Catching it at the right point
Effective AI data protection needs to work where the data actually moves: in the browser, at the moment of the prompt.
Network-level blocking is too blunt. Banning AI tools entirely pushes usage underground onto personal devices where you have zero visibility. And it costs you the genuine productivity benefits that AI tools provide.
The better approach is detection and intervention at the prompt level. When someone is about to paste sensitive content into an AI tool, they see a warning. They can choose to redact the sensitive parts, edit their prompt, or proceed with a documented justification. The data stays protected, but the workflow doesn't stop.
This works because most AI data leakage isn't intentional. People aren't trying to exfiltrate data. They just don't think about what's in their clipboard when they paste. A prompt-level intervention gives them a moment to think about it.
What good looks like
Organisations handling AI data protection well share a few common traits.
They know what's happening. They have visibility into which AI tools their team uses, how often, and what categories of data are being shared. Not guesses. Actual data.
They catch sensitive content before it leaves. Pattern detection at the browser level identifies things like credit card numbers, API keys, client names, and code with credentials. The user gets a warning before the data goes anywhere.
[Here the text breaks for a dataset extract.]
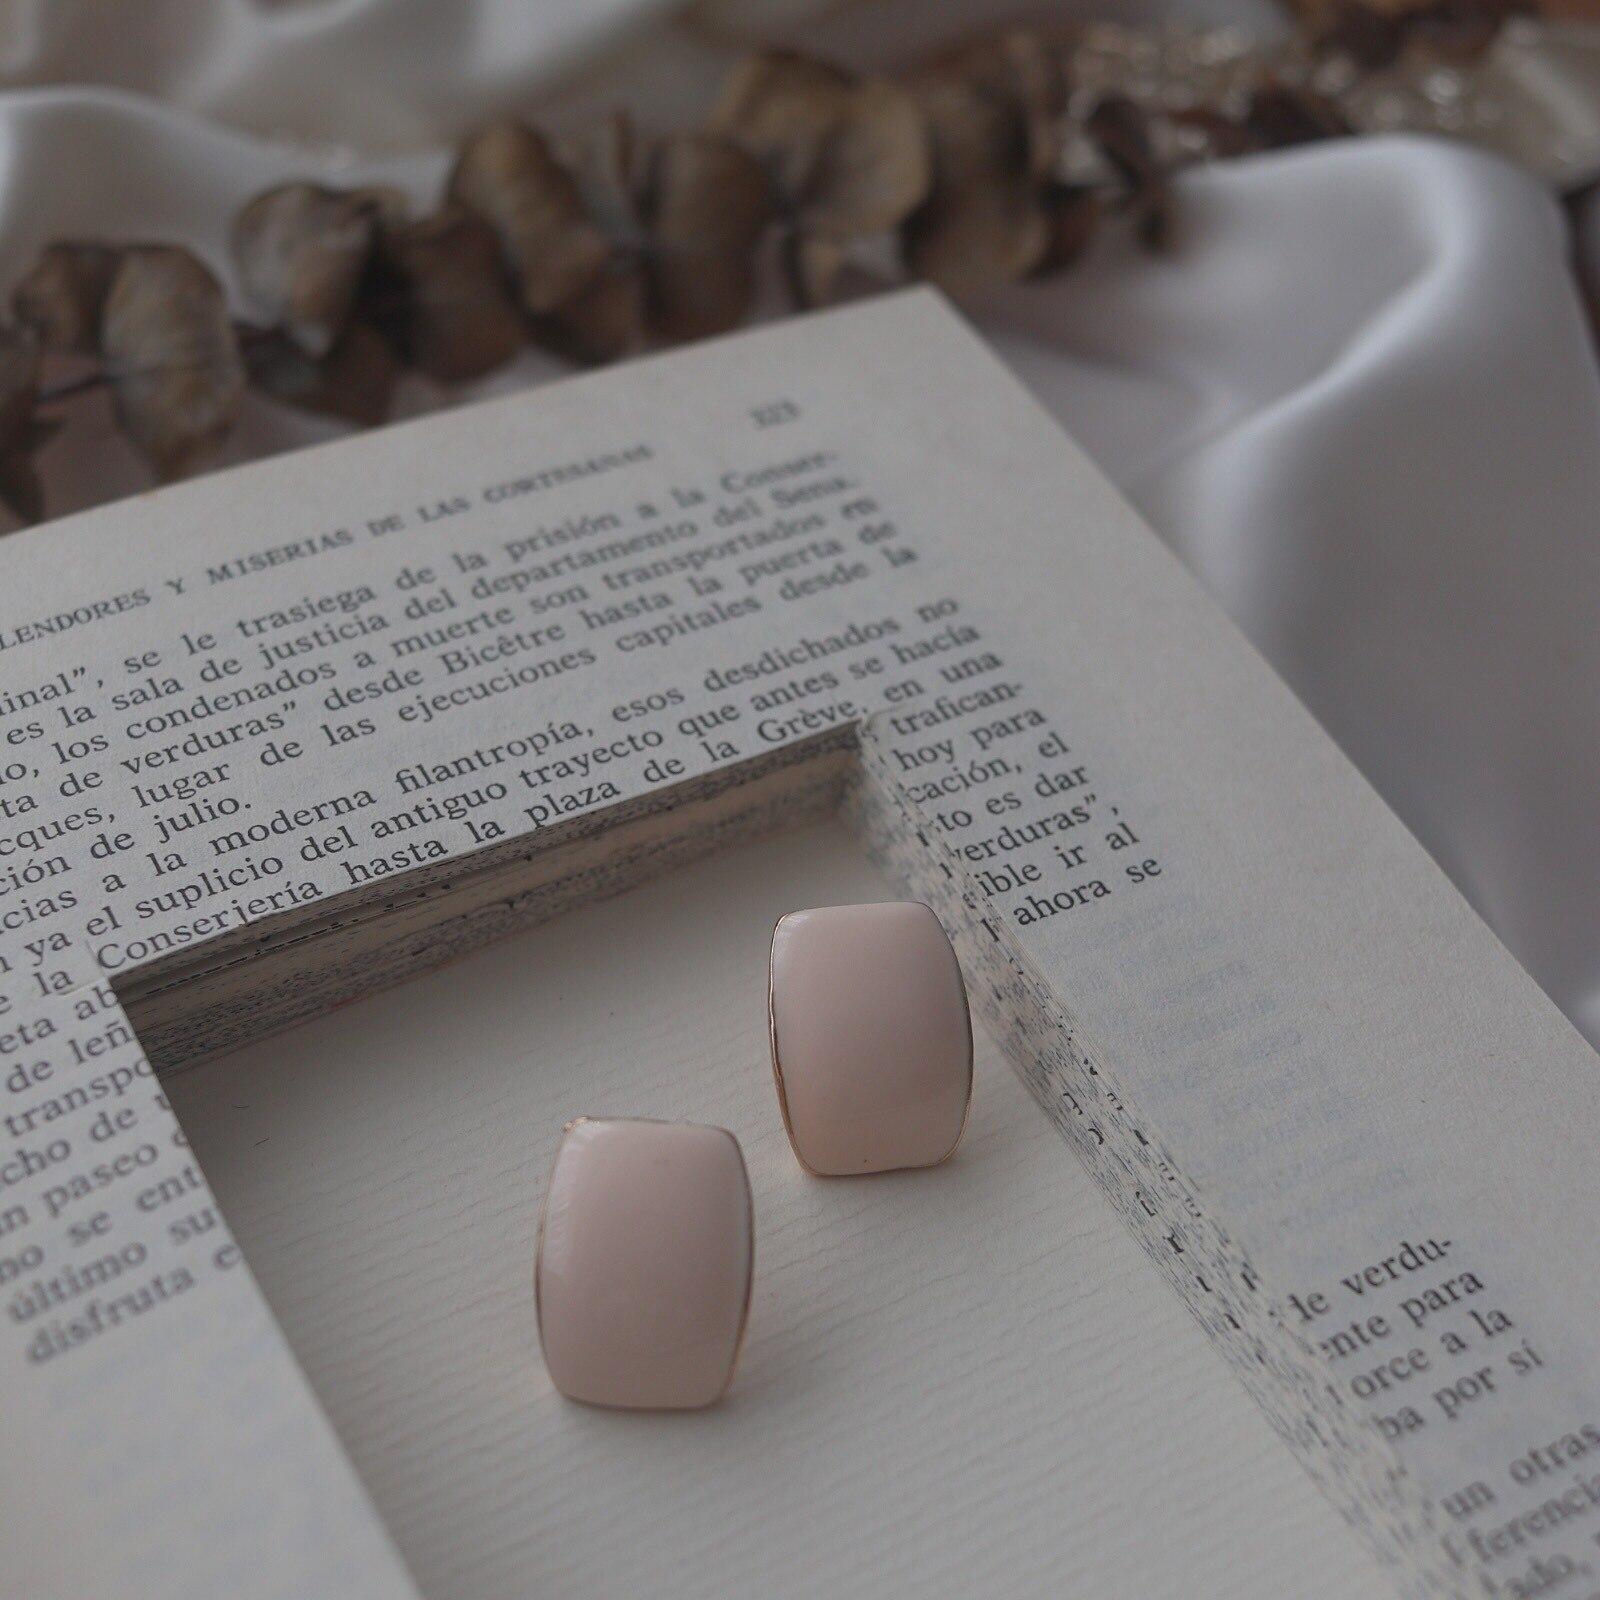 2019 Korea Earring Vintage Ear Rings Colorful Enamel Geometric Glaze Women Earrings Boho Girl Summer Ear Rings Beach Gift in Stud Earrings from Jewelry Accessories
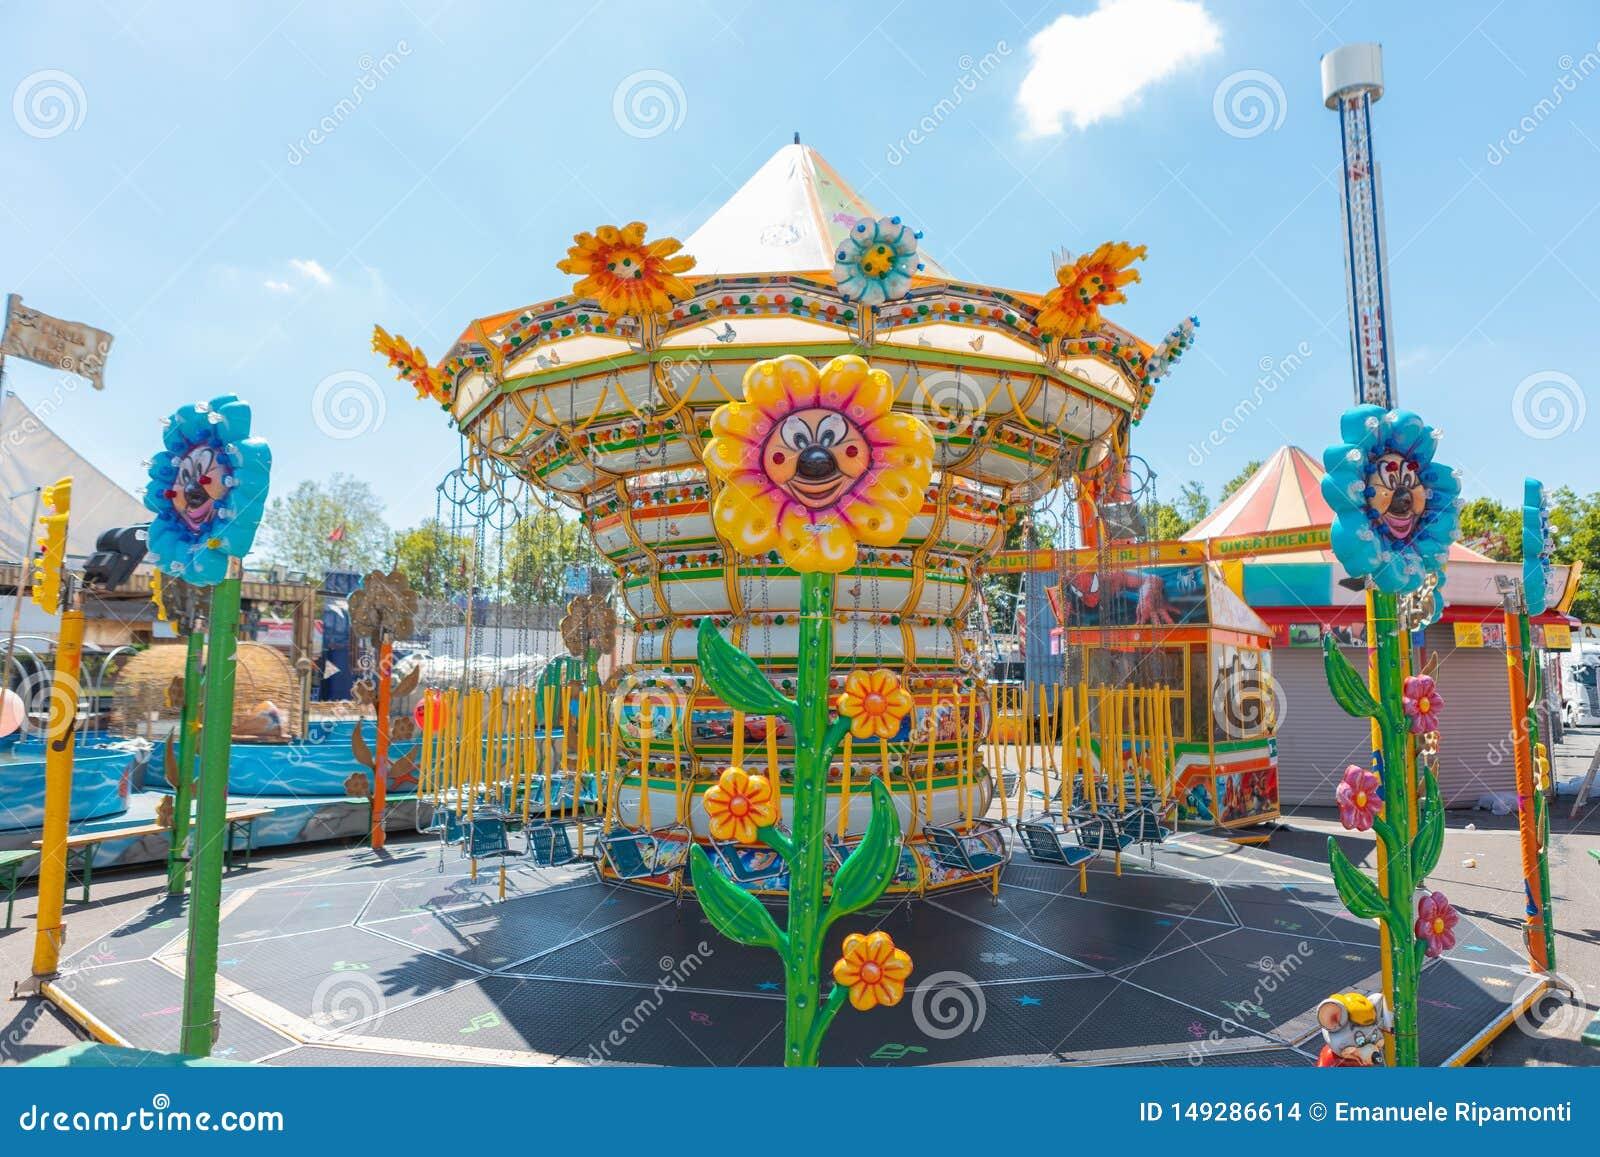 De carrouselkettingen voor kinderen in heldere kleuren tijdens een markt in een Italiaanse parkbloem gaven lichten gestalte

They keep records. When someone overrides a warning, that decision is logged. When an intervention prevents a data exposure, that's recorded too. This creates the audit trail that regulators and clients expect.
And they do it without slowing people down. The goal isn't to make AI harder to use. It's to make it safer. Teams that feel monitored and restricted will find workarounds. Teams that feel supported will follow the process.
Start with what you can see
You can't protect data you don't know is leaving. The first step isn't buying tools or writing policies. It's getting visibility into what's actually happening right now.
How many AI prompts does your team send per week? What percentage contain sensitive data? Which tools are they using? Are they on enterprise accounts or free tiers?
Once you can answer those questions, everything else gets easier. Policies become evidence-based instead of guesswork. Training targets the actual risks instead of generic warnings. And you can demonstrate to clients, auditors, and regulators that you take data protection seriously.
AI data leakage isn't a future problem. It's happening in your organisation right now. The only question is whether you can see it.